Background: Hypertrophic cardiomyopathy (HCM) is the most common inherited myocardial disease. An inheritable cause is identified in approximately half of patients. Earlier research has identified clinical differences between genotype-positive (G+) and genotype-negative (G-) HCM patients, which this study aimed to further explore. Methods and results: Differences in baseline characteristics, including cardiovascular risk factors (CVRF), and phenotypical factors between G+ and G- patients were explored. Subanalyses among distinct age groups and sexes were performed. A total of 422 HCM (46 % G-, 54 % G+) patients were included. G- patients were older (62 vs 54 years, p < 0.001), experienced more limiting cardiac symptoms (47 % vs 28 %, p = 0.008), and more frequent left ventricular outflow tract obstruction (57 % vs 38 %, p < 0.001). CVRF were more prevalent in G- than in G+ HCM patients (70 % vs 41 %, p < 0.001), with hypertension being the most prevalent factor (51 % vs 22 %, p < 0.001). Despite adjusting for patient age, CVRF presence significantly predicted G- classification (OR 2.3, 95 %CI 1.5–3.6, p < 0.001).
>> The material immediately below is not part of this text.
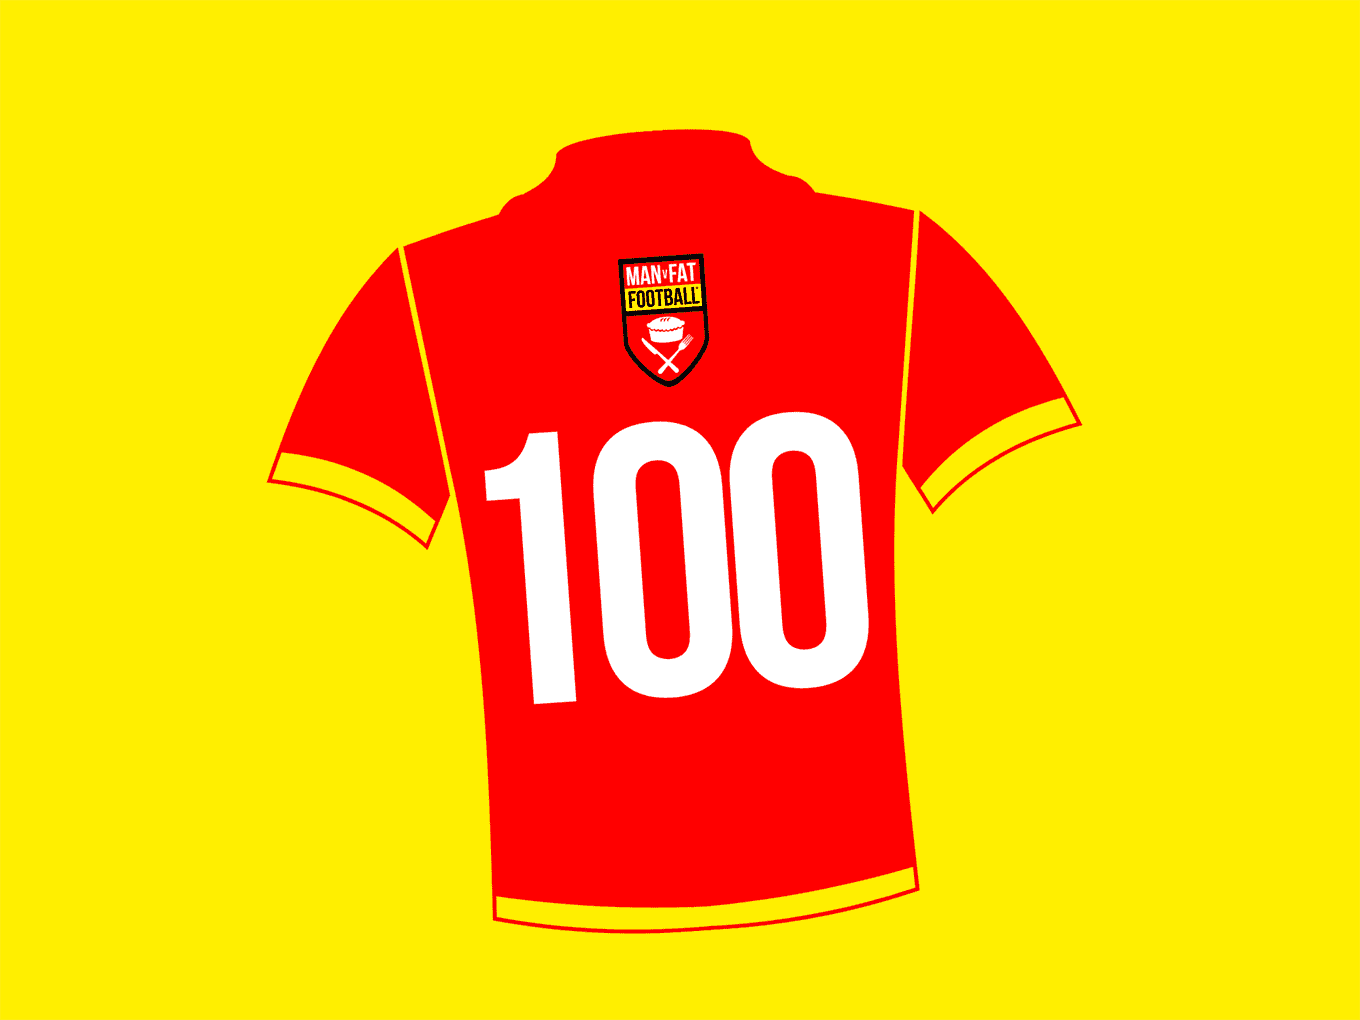 MAN v FAT Football lanza su club número 100

Female G- patients were less prevalent in younger age groups, and only in the older age group (>60 years) were female G- patients diagnosed later than their G+ counterparts. Conclusion: CVRF, particularly hypertension, are more prevalent in G- patients independent of age, suggesting that cardiovascular health may contribute to HCM disease development. Male-female differences suggest female-specific factors affecting the development of HCM in women. Recognizing G- HCM as a distinct clinical entity may have important implications for patient management, and a more comprehensive understanding of its aetiology may aid in tailoring future therapies.